Increased end-diastolic volume and increased ejection time.

Question 38

Physiological action of Ranolazine

Answer 38

Inhibits late Na+ current in cardiomyocytes

Question 39

MOA of ranolazine in angina.

Answer 39

Normalizes the repolarization of myocytes and reduces mechanical dysfunction (it inhibits the Na+ current that is enhanced in ischemic myocardium, which results in Ca overload and repol abnormalities)

Question 40

What four things does ranolazine NOT affect?

Answer 40

HR, inotropic state of myocardium, coronary blood flow, peripheral hemodynamics.

Question 41

What is the clinical use of ranolazine? (When is it used and what does it do?

Answer 41

Use for stable angina that is refactory to standard meds.
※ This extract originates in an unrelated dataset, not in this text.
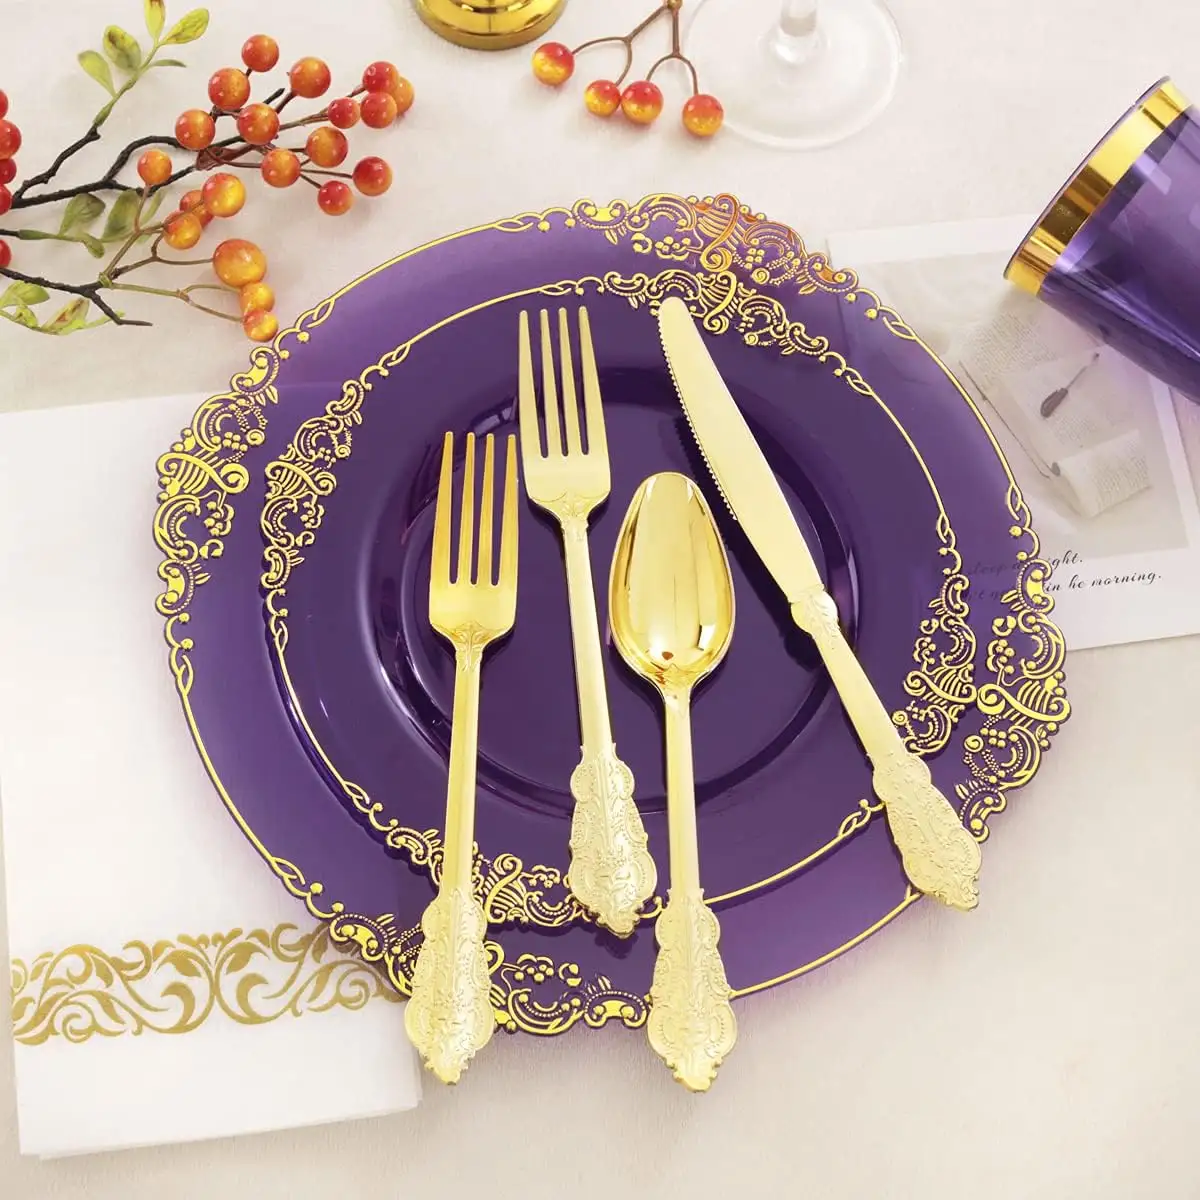 Platos de borde de encaje rosa dorado transparente de lujo platos de cargador de plástico Premium platos de cena desechables de boda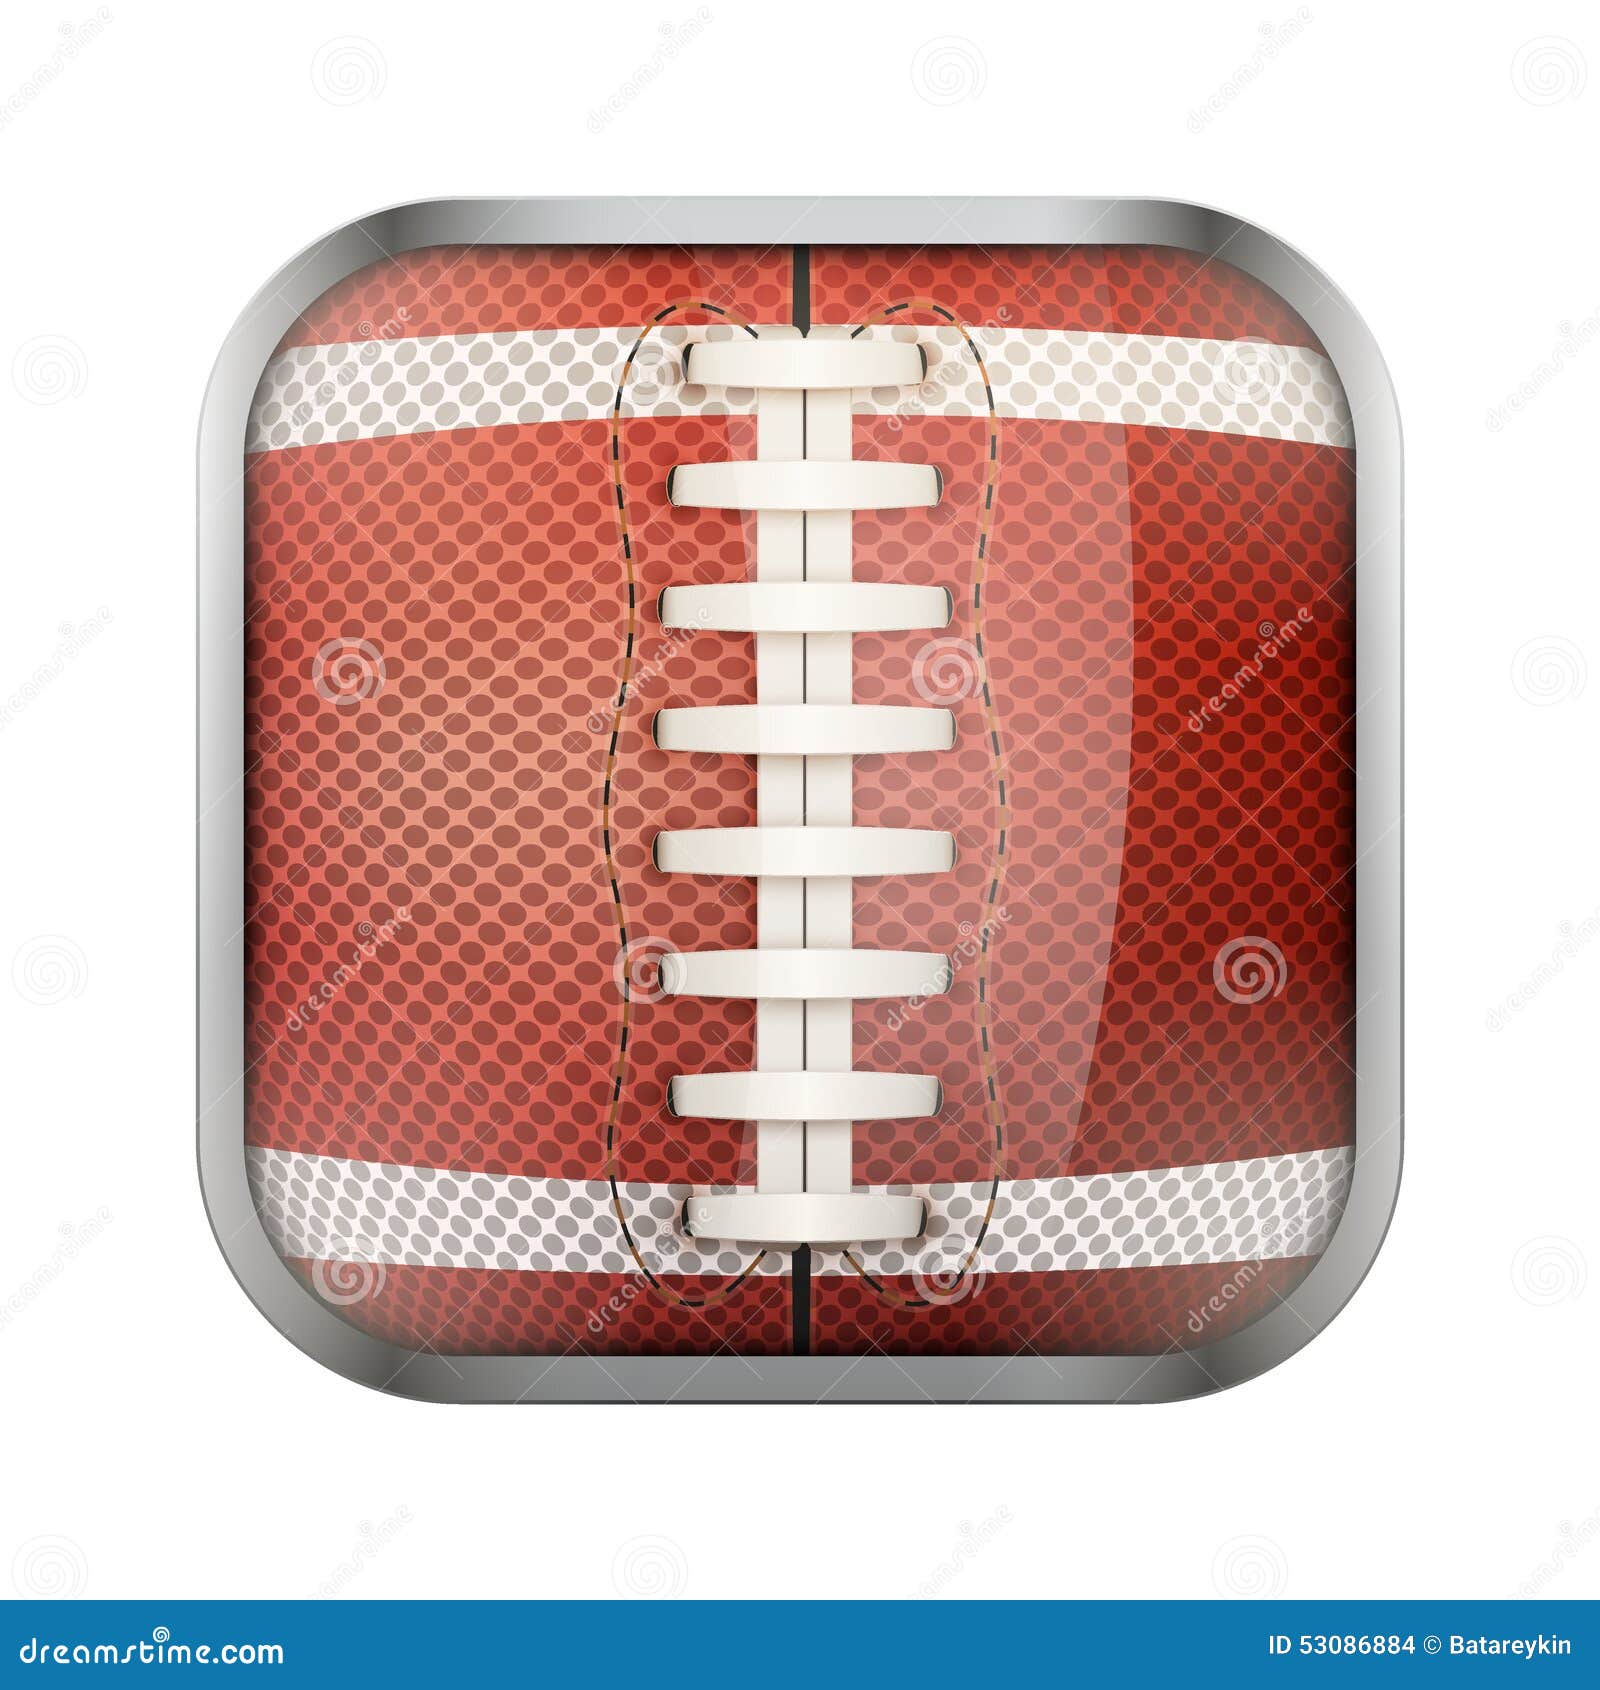 Poke Football Goal Foosball on the App Store

It decreases angina episodes and improves excercise tolerance in people taking NITRATES, AMLODIPINE, OR ATENOLOL.

Question 42

Adverse effects of ranolazine.

Answer 42

QT prolongation (may trigger vent arrhythmias)
Constipation, nausea, dizziness, HA.

Question 43

What two types of drugs should not be used with ranolazine?

Answer 43

Do not use with CYP3A inhibitors (bc its metab by CYP3A4/5).
Do not use with drugs that prolong QT interval (Quinidine=antiarrhythmic or antipsychotic=thioridazine). Triggers vent arrhythmias.

Question 44

What CYP does ranolazine inhibit (and consequently, should not be used with what drugs)?

Answer 44

Inhibits CYP2D6, which increase half life of amitriptyline, fluoxetine, metoprolol, and opioid drugs

Question 45

What two things do nitrates alone increase?

Answer 45

Reflex increase in contractility

Reflex increase in HR

Question 46

What do BB or CCB alonge increase?

Answer 46

Increase EDV and Ejection time.

Question 47

Combined, what do nitrates and BB/CCB cause?

Answer 47

Decreased HR and Decreased arterial pressure.